If we can not trust our senses, which much surely must go beyond subjective feelings, then we must say that truth is relative to societies needs and absolute in the sense that we cannot rid ourselves of society without riding ourselves of humanity.
If we spend our lives agonising over the reliability of every truth then nothing would get done. The fact that questions about reliability crop up at the most uncomfortable of times would suggest that truth has a objective nature and is not a matter of subjective whim at all.
Indeed the role of the left is to work out the truth of class interests in each and every situation, not as a dogma but as an aid to understanding and action.
Truth itself is of many natures, one of them is that of passion, one that is imbibed beyond the words but is in the context. The signifier matches the signified with gusto. I find this in the anger of the oppressed.
Nickademus
16th April 2002, 22:17
Quote: from peaccenicked on 8:06 pm on April 16, 2002
Nickademus,
When it comes to truth, the question that is being asked is there such a thing as objective truth? I hope this is taken in good fun but I can well see why a lawyer might wish to abolish it. If truth is merely a matter of subjective interpretation, it is much more easy to demolish. Now if you are saying that DNA evidence is unreliable no matter how many scientists agree with it.
Then you can argue that that is ultimately unreliable.
If we can not trust our senses, which much surely must go beyond subjective feelings, then we must say that truth is relative to societies needs and absolute in the sense that we cannot rid ourselves of society without riding ourselves of humanity.
If we spend our lives agonising over the reliability of every truth then nothing would get done. The fact that questions about reliability crop up at the most uncomfortable of times would suggest that truth has a objective nature and is not a matter of subjective whim at all.
Indeed the role of the left is to work out the truth of class interests in each and every situation, not as a dogma but as an aid to understanding and action.
Truth itself is of many natures, one of them is that of passion, one that is imbibed beyond the words but is in the context. The signifier matches the signified with gusto. I find this in the anger of the oppressed.

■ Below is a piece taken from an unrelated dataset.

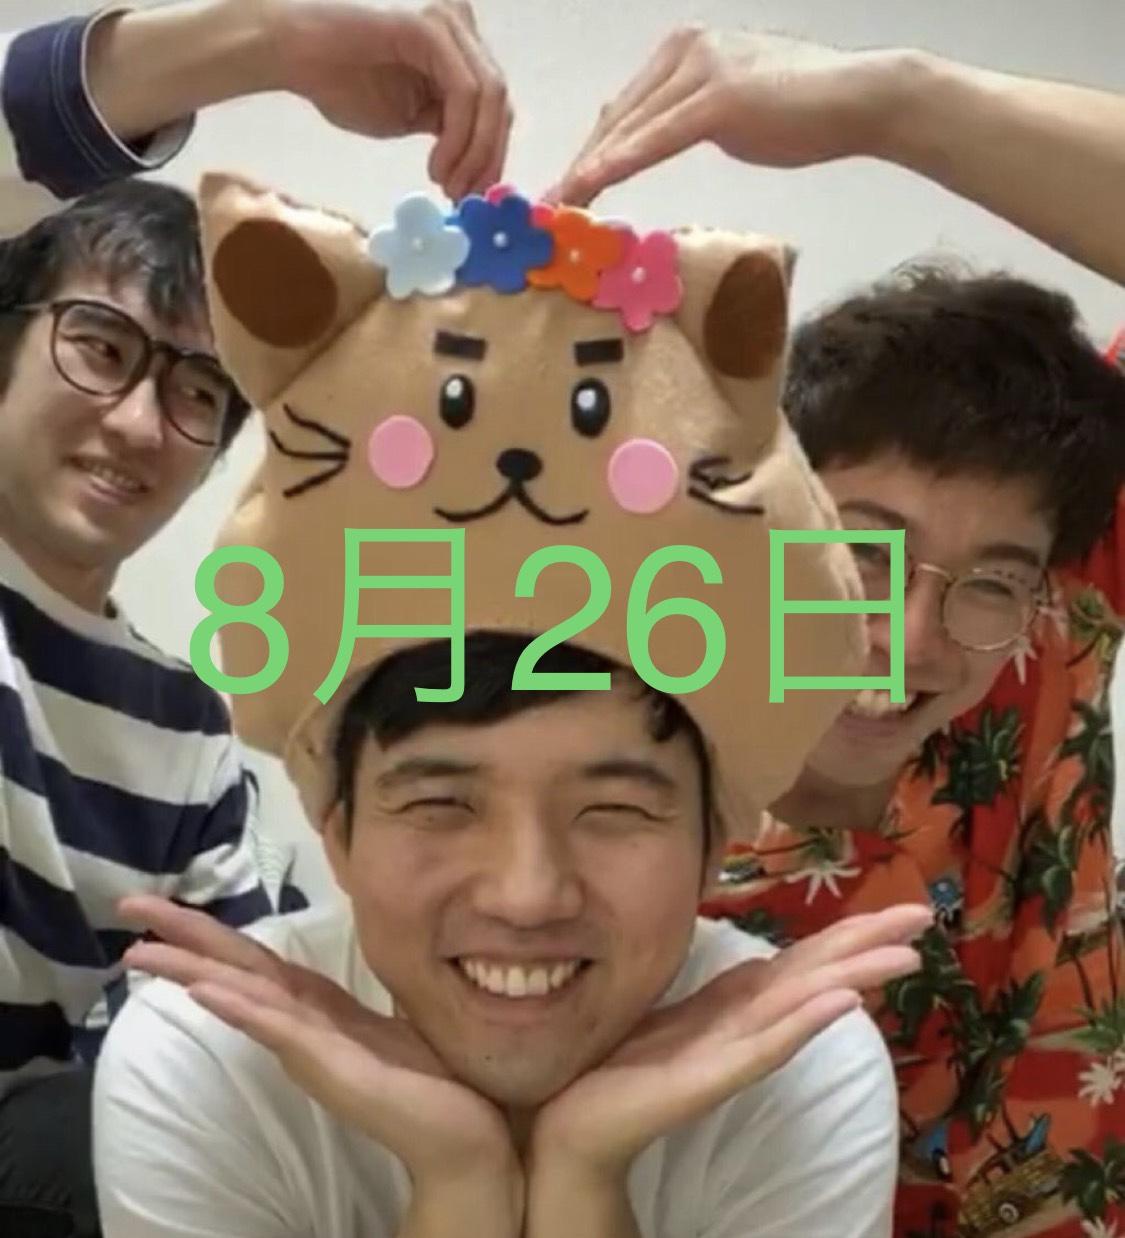 【劇場】8月26日大ちゃんのルームシェアメンバーを知ろう!

ok there is a difference between between doubting everything as to whether or not its true and accepting that you can not know whether or not something is true. i won't argue the science of dna (ironically i just finished a forensic science class on dna) in court as it is futile because it has become an accepted norm. i live my life on accepted norms. i don't question everything because i can not know if it is the truth or not.
Valkyrie
17th April 2002, 21:51
"How to think like a scientist."
That was a very amusing story Vox, thanks!